Interpretation of results:
other: the test item was negative in the KeratinoSens assay
Conclusions:
Under the experimental conditions of this study, the test item was negative in the KeratinoSens assay and therefore was considered to have no potential to activate the Nrf2 transcription factor.
Endpoint conclusion
Endpoint conclusion:
no adverse effect observed (not sensitising)

Justification for classification or non-classification

The test material gave a negative response in the KeratinoSens assay and therefore was considered to have no potential to activate the Nrf2 transcription factor.
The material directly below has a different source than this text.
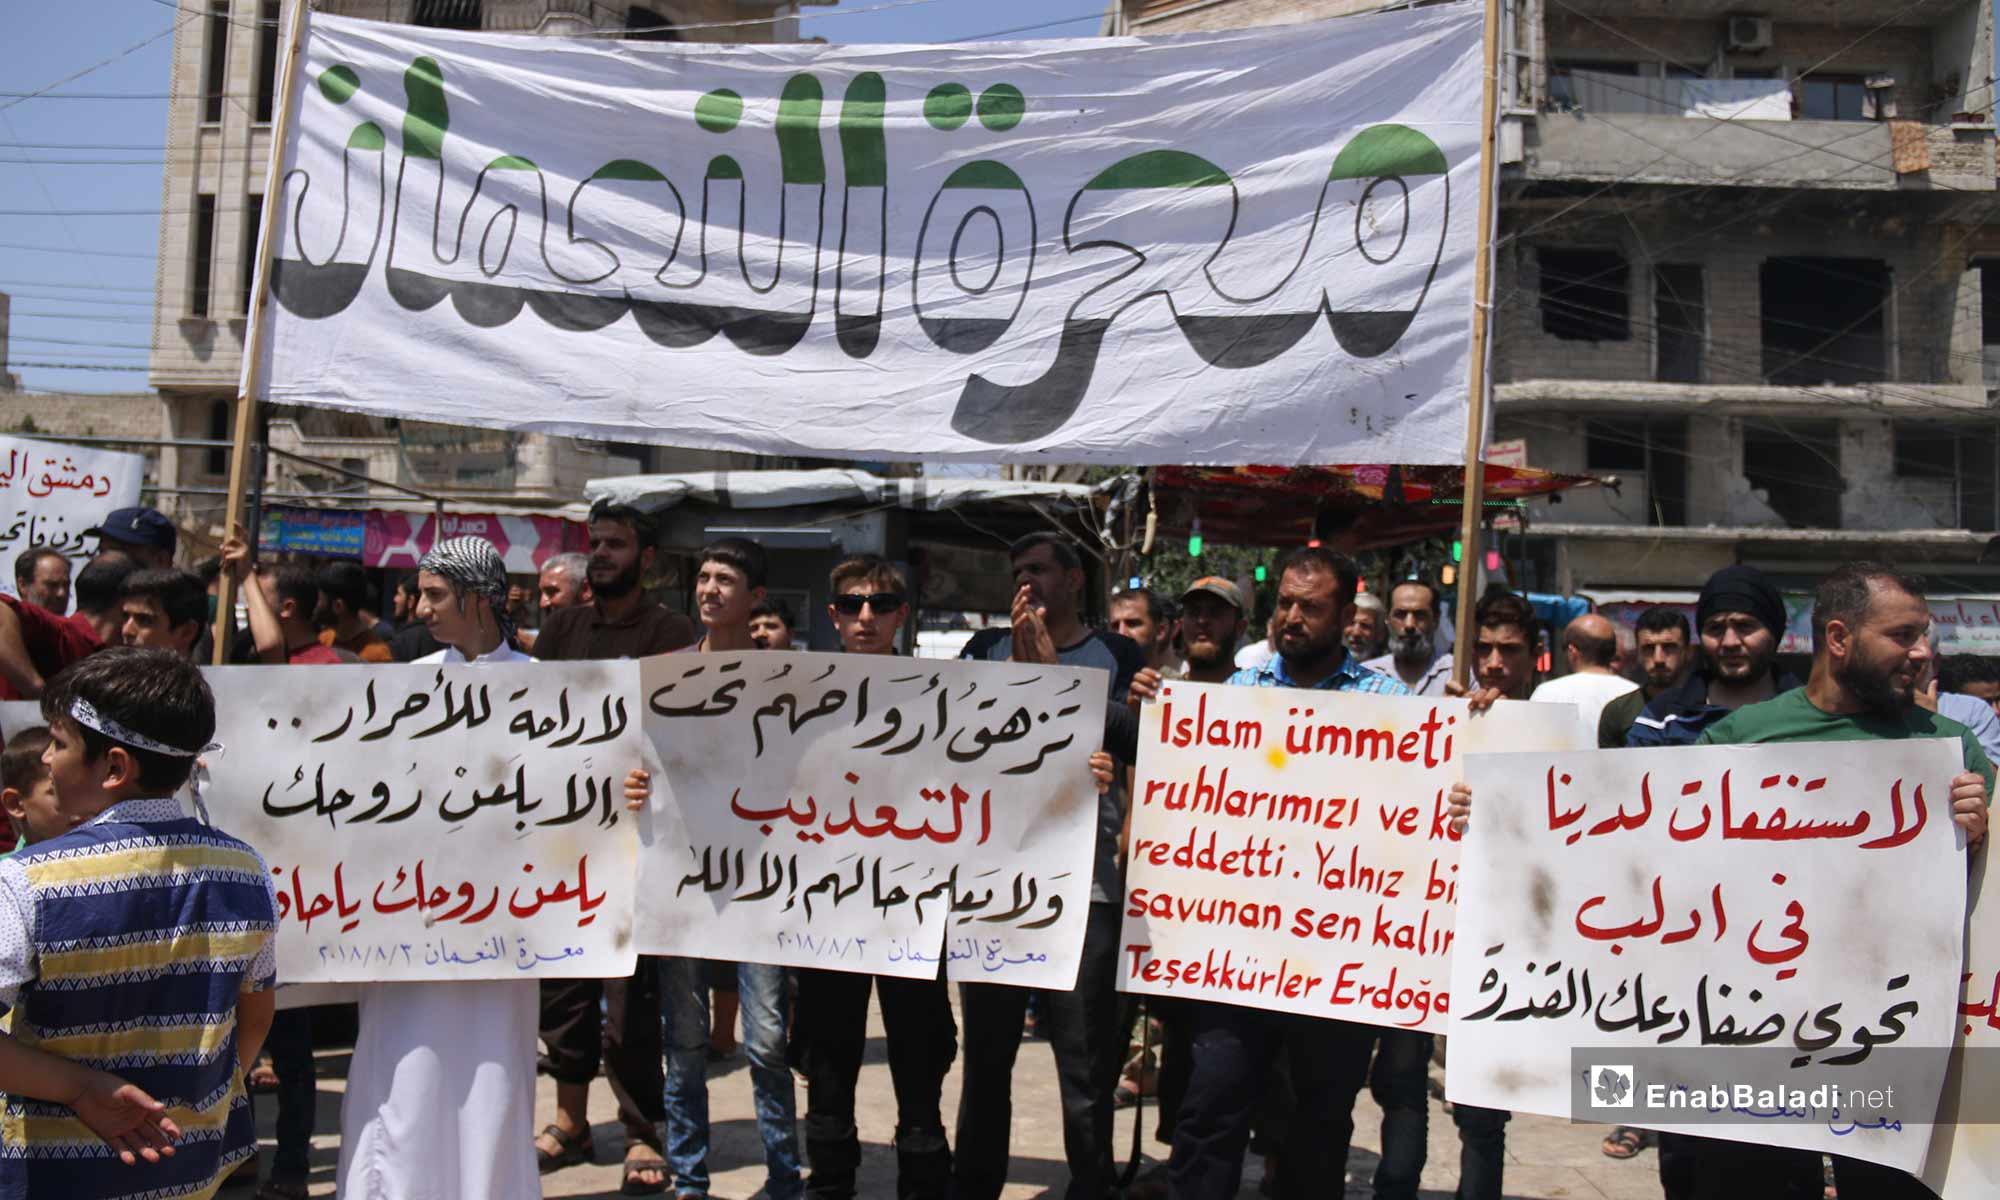 وقفة احتجاجية ضد الانتهاكات بحق المعقتلين السوريين في مدينة معرة النعمان - 3 من آب 2018 (عنب بلدي)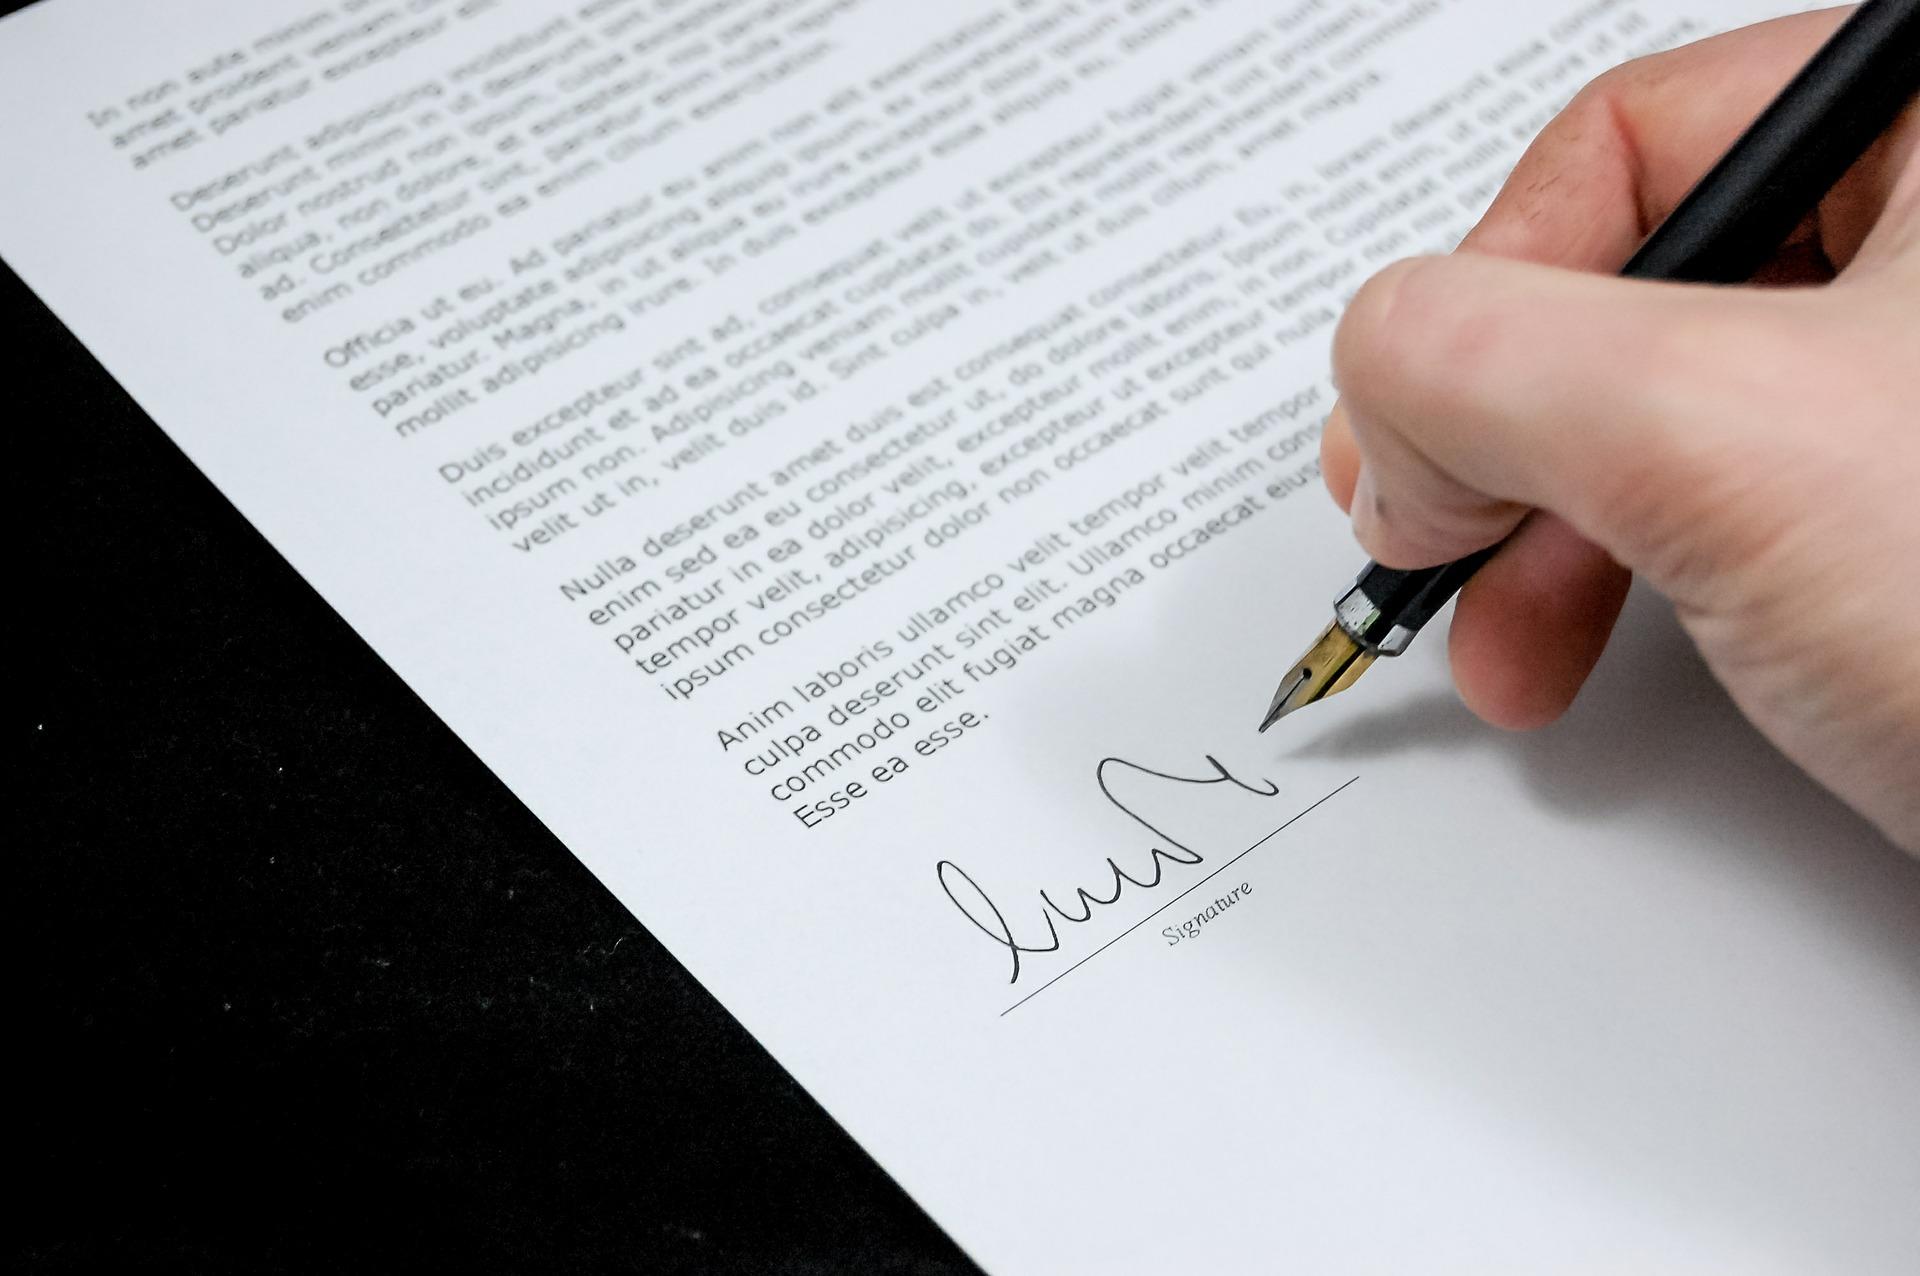 リスティング広告代理店との契約のポイント

The test material was found to be unsuitable for use in a DPRA test.

The test material was found to be negative in the h-CLAT test method.

Results from the KeratinoSens assay and h-CLAT test can be used in combination to support the discrimination between skin sensitisers and non-sensitisers in the context of Integrated Approaches to Testing and Assessment (IATA). As both of these studies gave a negative result for skin sensitisation the test material is determined to not meet the criteria for classification as a skin sensitiser (UN GHS).